O Selo “Young” e sua importância no cenário da música brasileira. (Parte II)

Quem acompanha este Blog deve ter lido AQUI a Parte I da historia sobre a gravadora Young, contada por Alfie Soares.

Hoje vamos à Parte II, também contada por ele, a seguir.

Nosso mundo, ao final dos anos 50, era bem maior do que é hoje. Uma correspondência levava dias para chegar ao seu destino. As fotos demoravam dias para serem reveladas. Os bondes atrapalhavam as principais ruas e avenidas de São Paulo.
Computadores, só em obras de ficção científica. Multimídia…. bem, Miguel Vaccaro Netto já exercitava multimídia em 1959. Produzia e apresentava seu Disque Disco na Rádio Panamericana (Jovem Pan), escrevia sua coluna sobre música para o jornal Última Hora, o jornal top da época. Oferecia consultas às gravadoras nos lançamentos de discos internacionais, escrevia contracapas de discos e, agora, com o Projeto Young, tornava-se diretor artístico e produtor fonográfico. Idealizou o layout do selo Young, cujo vermelho e branco destacava-se entre as etiquetas negras e sombrias das outras gravadoras. Contou com a colaboração de seu colega de redação no jornal, o cartunista Otavio, para criar vida e animação nas capas dos discos Young.

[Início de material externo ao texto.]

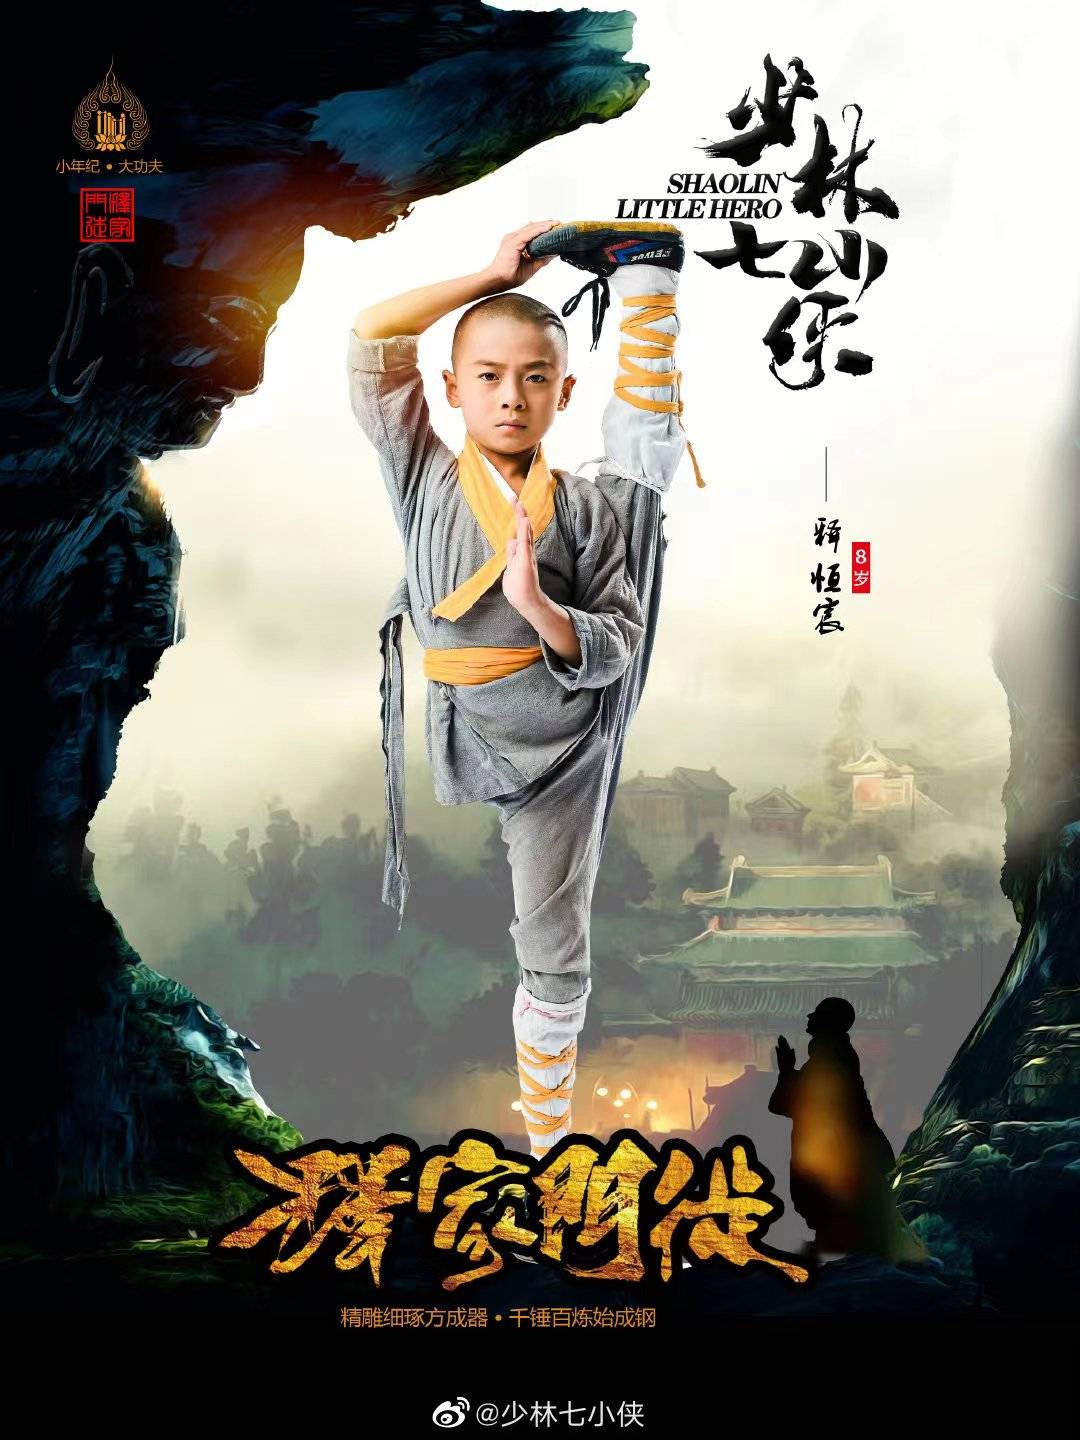 少林小英雄 (Little Hero from Shaolin, 2019) :: 一切关于香港，中国及台湾电影

Seu grande mérito à frente da Young foi evitar contratar imitadores de artistas. Apostou no talento e poder de criatividade daqueles jovens que o buscavam para uma oportunidade. Seu ouvido apurado, seu conhecimento, seu olho clínico, foram fatores fundamentais para a criação de um elenco capaz de recriar no Brasil as variadas formas nas quais a nova onda mundial de música dirigida aos jovens era criada em seus países originais, principalmente Estados Unidos.
E, acima de tudo, dava condições para que estes jovens pudessem dar vazão aos seus próprios talentos como compositores.
Os Avalons puderam gravar três de suas próprias composições: All The Time (Solano Ribeiro), China Rock e Here Come The Avalons (Dudu). Com a contratação de Hamilton Di Giorgio,Vaccaro passou a contar com um intérprete que podia cobrir as bases criadas pelos “teen idols” tipo Bobby Rydell, bem como podia ser romântico e “soulful” como Sam Cooke. E, além de tudo isso, possuía o dom de compor como poucos. É de sua autoria o primeiro sucesso de Demetrius, um dos inúmeros talentos descobertos por Miguel Vaccaro Netto.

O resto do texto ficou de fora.